Valentine’s Day, the celebration of love, was not always so. The day is red with the blood of history’s least fortunate and is arguably a capitalistic ploy to get people to buy things they don’t need. Buy this for her, that’s the only real way to express your love. Take him to this place, you’d be selfish not to. Buy this, buy that, this too, also that. It’s quite clever when you think about it. The emotion most famous for making a fool out of any person seems to be one of the most profitable. Yet after knowing all of these things, we still get overpriced pink paper with pretty font.

Why? Why do you buy your significant other a gift today even though it was their birthday two months ago? Why do you give chocolates to a lover in the shape of hearts rather than squares? Why do we overcomplicate, embellish and romanticize a single day?

It’s because you care. It’s because you love them. Whether it’s February 14th or March 17 or any random date on any random month. We share chocolate on the fourteenth because the world is selfish. We send kind letters to that person across the room because the world is hateful. We exchange whispers of tender affection beneath the moonlight because some of us seek purpose in this darkness. We as human beings ache for reciprocation, for socialization. The meaning of love transcends all its different sounds from “cinta” to “amour”. We all gamble in this game of life and the risk of pain for immense joy is worthwhile when it’s all we have.

Flip off the cynics because love is love is love is love.

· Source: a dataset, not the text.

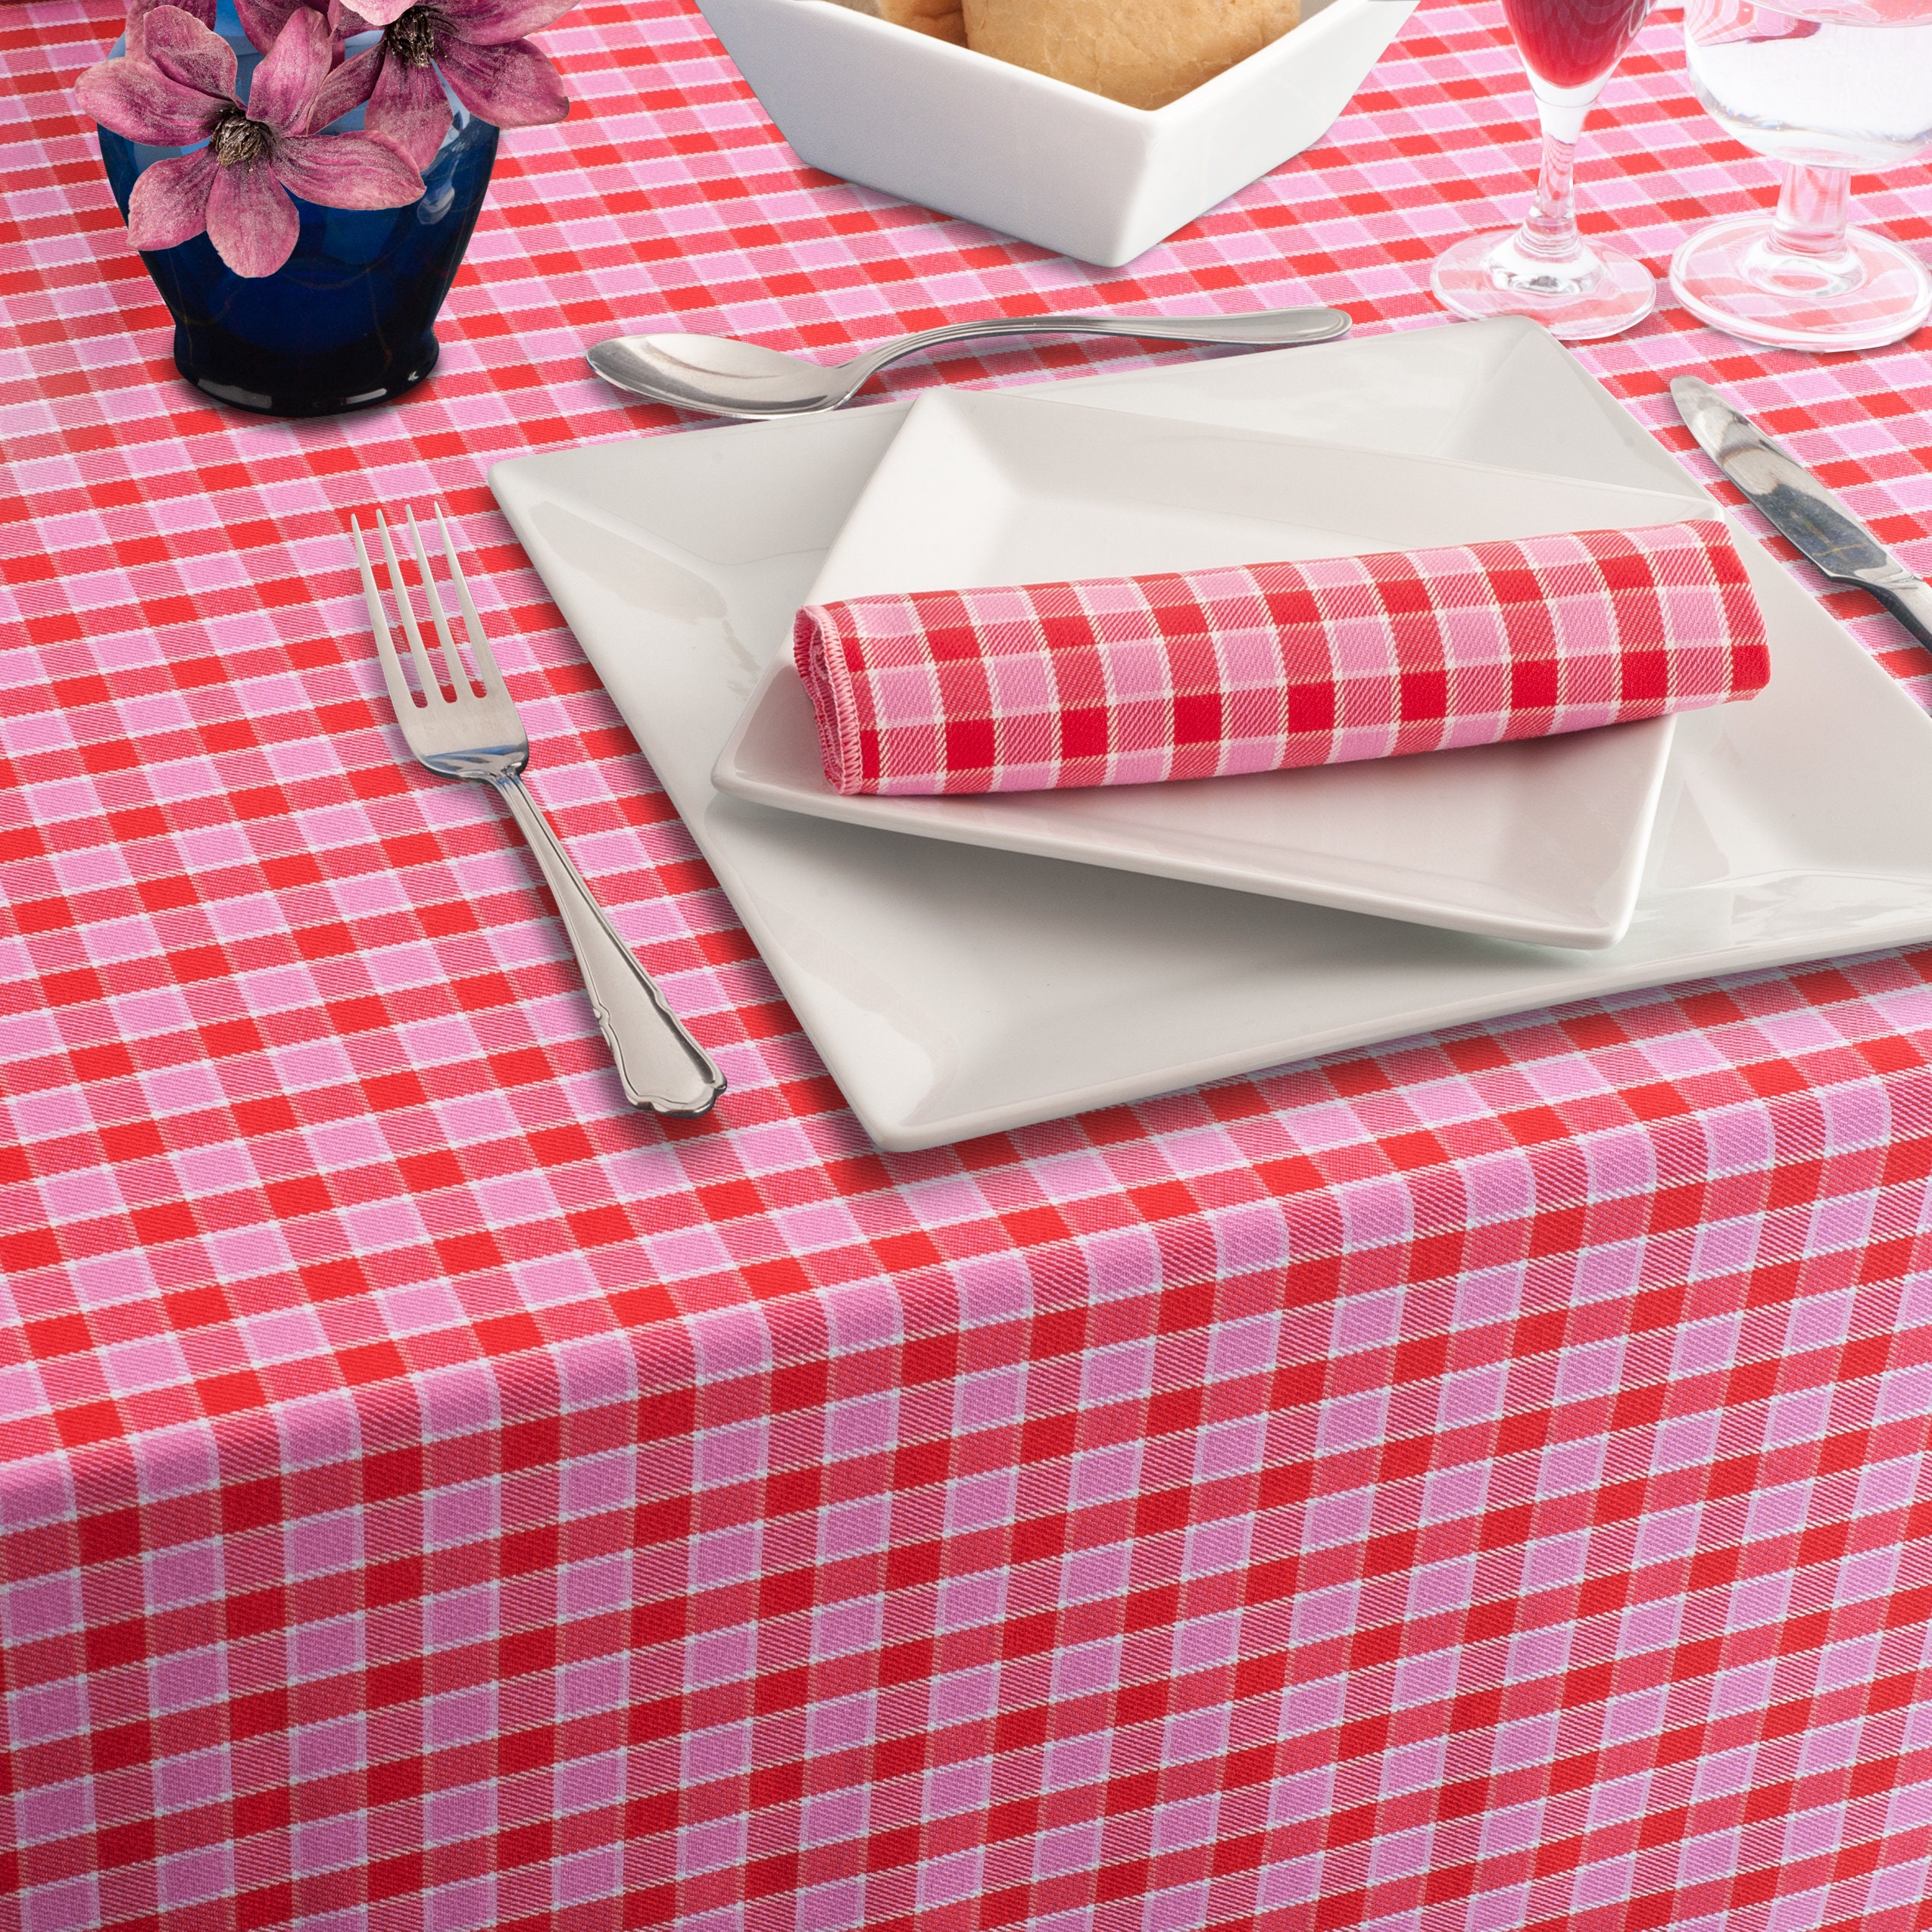 Les housses de sous-plat en tissu tartan rouge captivent la table

It’s not wrong to want to share kindness through a gesture. It is not unnatural to make someone feel safe and wanted. It comes to us just as naturally as does cruelty; maybe even more so. On this February 4th, there should be no hate. Only the joy of love. Even if that means only a minute, a second of that love. The love you give romantically, the love you give platonically, the love you give to your work and the love you give to yourself. Who cares if it’s cheesy to give your partner their favorite flowers? Buy that cake for your girlfriend or pay for that carousel ride with your best friend. Express your love because so many of us can’t.

And to those reading this in disgust, I can only apologize. I apologize that you feel the way that you do and that you have been hurt by the world in its betrayal. These words are written by the hands of a cynic; a cynic who hates practically every waking moment on this spinning rock. And this cynic is telling you, in the name of whatever god or force existing, to love.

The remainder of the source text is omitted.